Providing disaster intervention training at a distance has been an interesting challenge for the Gift of the Givers, says founder Dr Imtiaz Sooliman who commends the volunteers who have been “beyond incredible in applying the theory practically”.

“We are expanding the teams and are organising them inside the "hot spots" where there is no entry point for supplies and are replicating the process, finding shops, supplying the funds, identifying specific needs and supplying. When you can't get items from outside, be resourceful and find everything inside.

“Orphans, the elderly, ordinary people are all being assisted. We are funding the intervention by paying for fuel and everything associated with the purchase and delivery of essential and very basic necessities. We are setting up multiple storage areas.
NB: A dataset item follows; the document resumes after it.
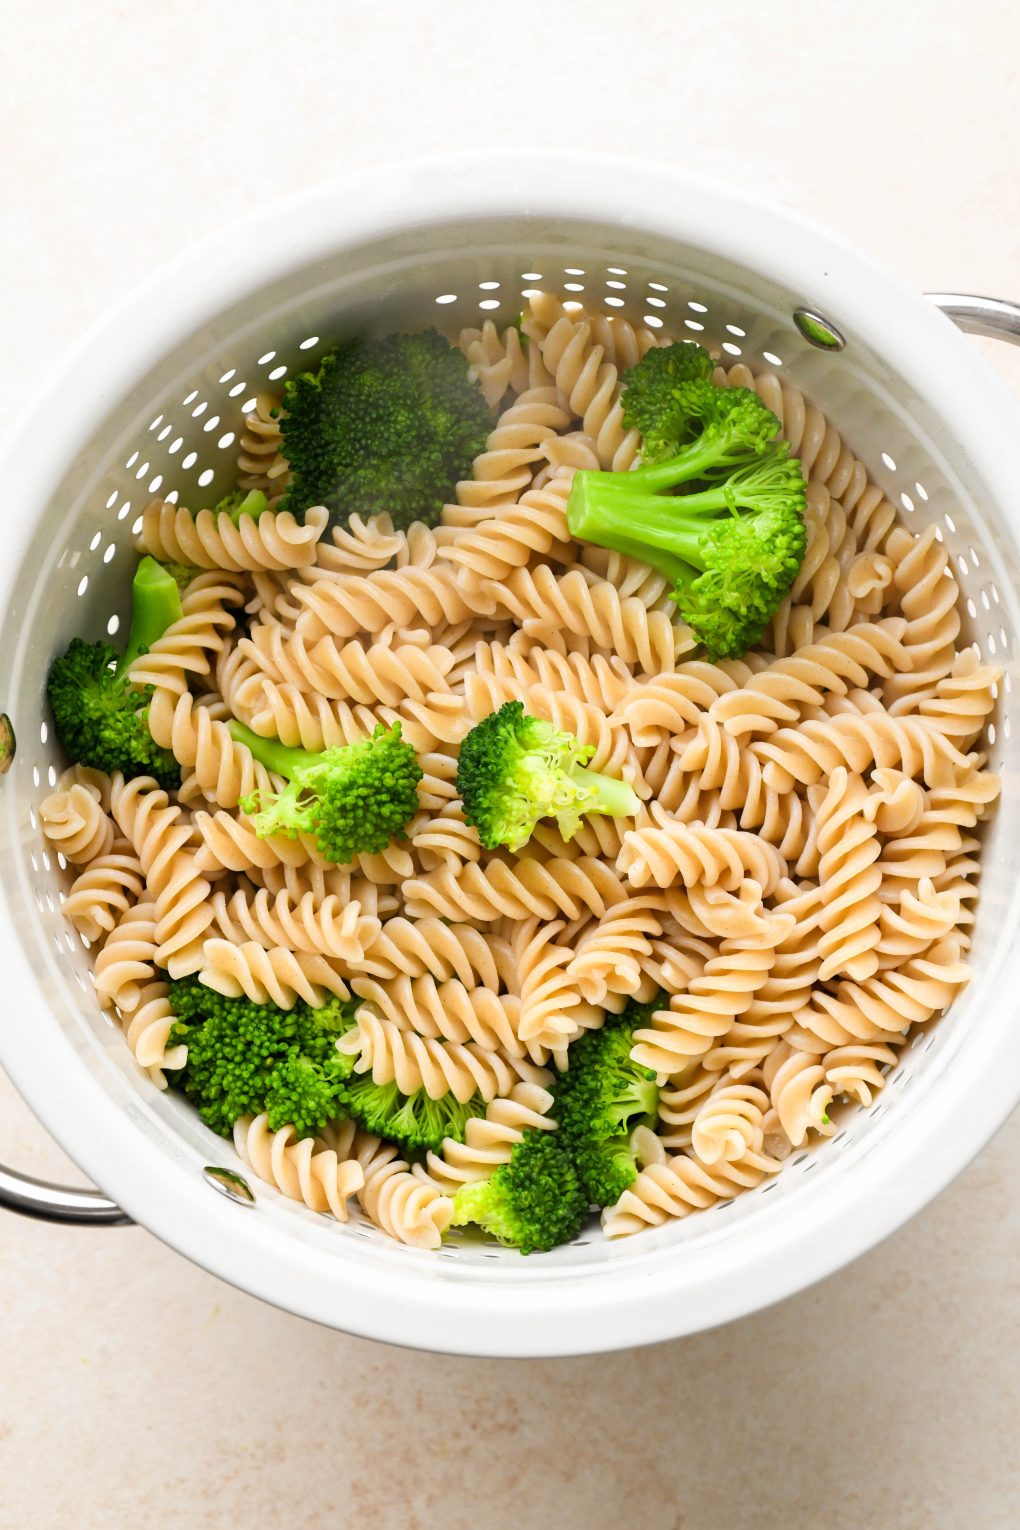 How to make healthy chicken sausage pasta: Cooked pasta and broccoli drained in a white colander.

The teams are held by the hand and guided on the approach to disasters on a daily basis,” says Dr Sooliman

The second request humanitarian organisation received came from a cardiothoracic anaesthetist who is also being guided on disaster management, with the first lesson being on how to practise "emotional distancing".

The person crossed into Ukraine on 10 March and is being provided with fuel and funds to purchase essential items from Europe to expand the scope, scale and speed of the intervention.

Teaming together

Foundations and companies alike are working with the Gift of the Givers to help in this time of crisis where so many people are devastated, displaced, in shock and in despair.

“The Ukraine Association of South Africa has partnered with us. They are connected to medical personnel inside Ukraine. Medical supplies are being sourced inside the country and together with their own financial contributions, we will commence purchases of these life-saving materials for health facilities "trapped" in the hot spots,” says Dr Sooliman.

Discussions have been held with medical aid societies, pharmaceutical companies and health facilities in South Africa to supply essential medicines which will be sent by commercial flight to support all other medical requirements inside Ukraine.

Suzanne Ackerman from the Ackerman Family Foundation has pledged R1.5m towards the repatriation of South African and African students, and McKinsey is putting together a package for the same purpose. The Department of International Relations and Cooperation (Dirco) has also been engaging with Gift of the Givers on the repatriation matter.

The Gift of the Givers have also launched a crowdfunding campaign on BackaBuddy, with a moving target of R1m for members of the public hoping to support humanitarian efforts in the Ukraine.